Но когда приходила посылка — в лагере был общенациональный праздник.

Я не обижал никого — ни воров, ни «медвежатников», ни троцкистов, ни правых, ни левых, ни бундовцев, ни врагов народа. Печенка и сыры Розы как-то незаметно объединяли все партии и направления, политических и уголовников, врагов народа и его друзей.

Мне даже казалось, что только постоянная нехватка продуктов питания в стране привела к столь резкому обострению классовой борьбы…

Наевшись, все классы успокаивались, и в лагере царил мир и покой.
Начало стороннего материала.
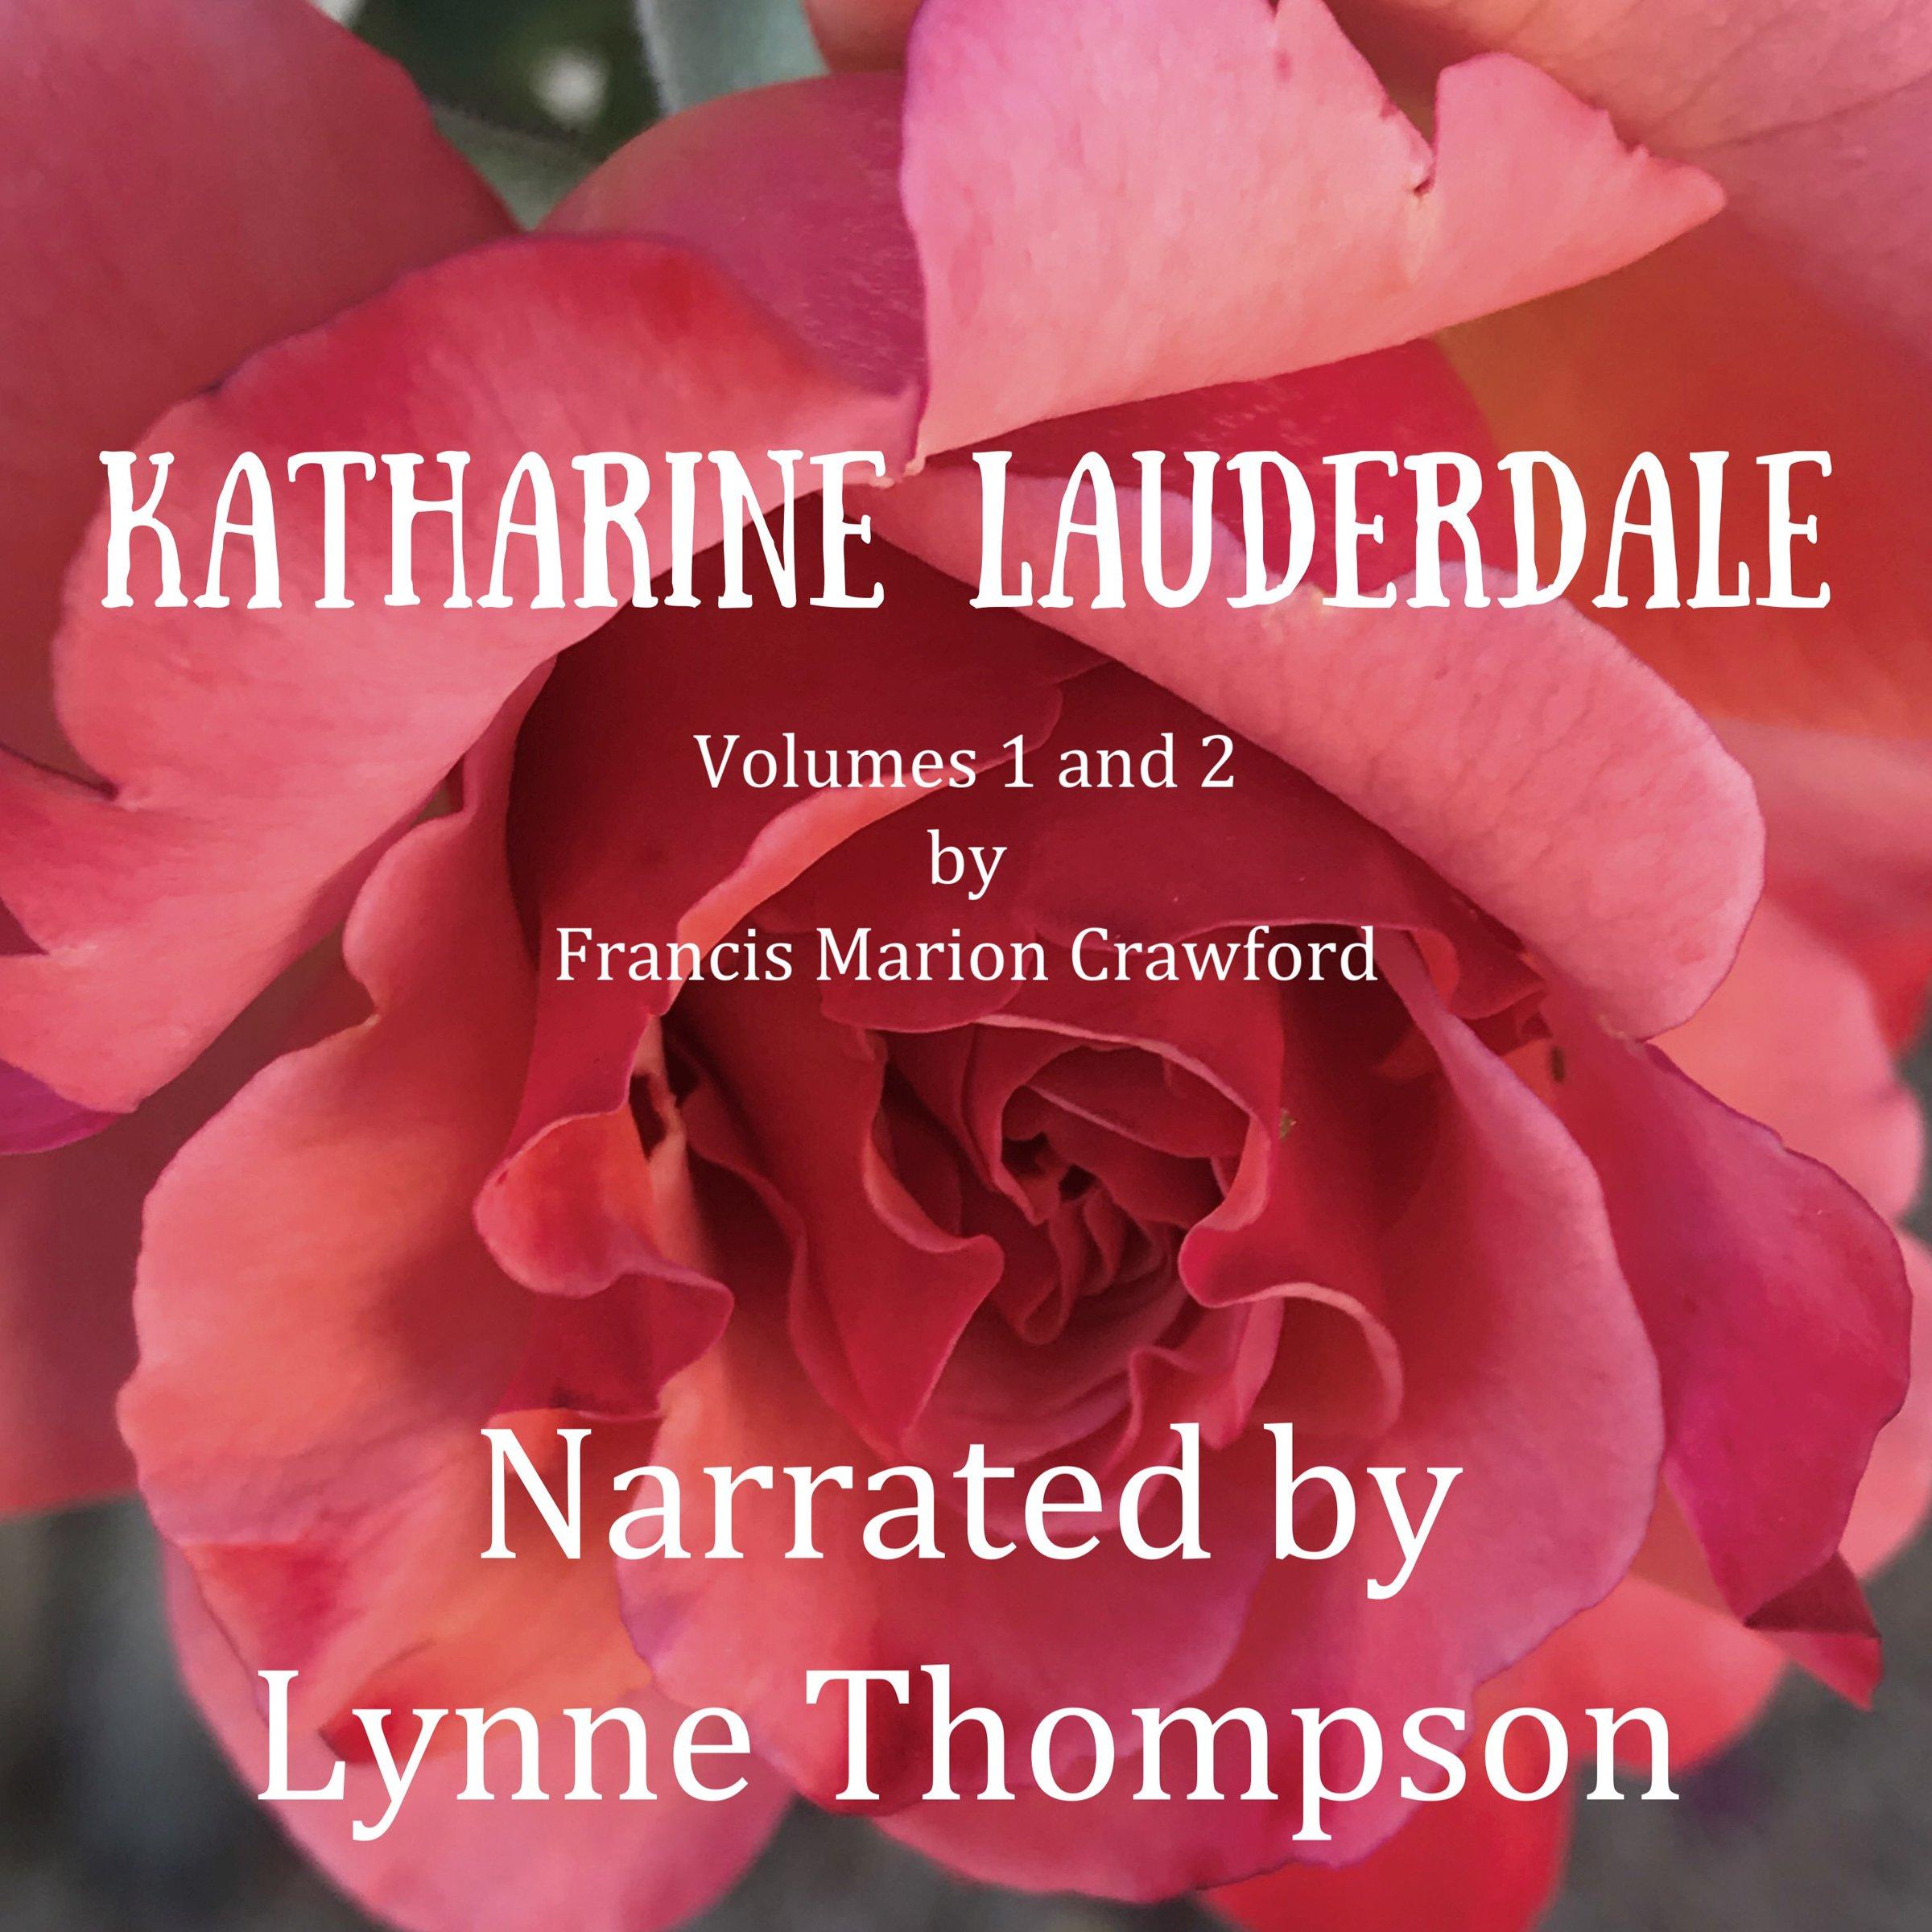 Katharine Lauderdale: Volumes 1 and 2

И даже часовые на своих вышках могли отставить карабин и немного полюбоваться луной…

Но посылки — посылками, а я продолжал сидеть.

И тогда Роза пошла на центральный вокзал, отстояла огромную очередь, взяла билет и поехала в Москву, в Кремль, к товарищу Сталину.

К сожалению, я не могу сказать вам точно, что именно произошло — то ли товарищ Сталин испугался Розиных вопросов, то ли международная обстановка, то ли просто время пришло — но он сдох! И встреча, увы, не состоялась…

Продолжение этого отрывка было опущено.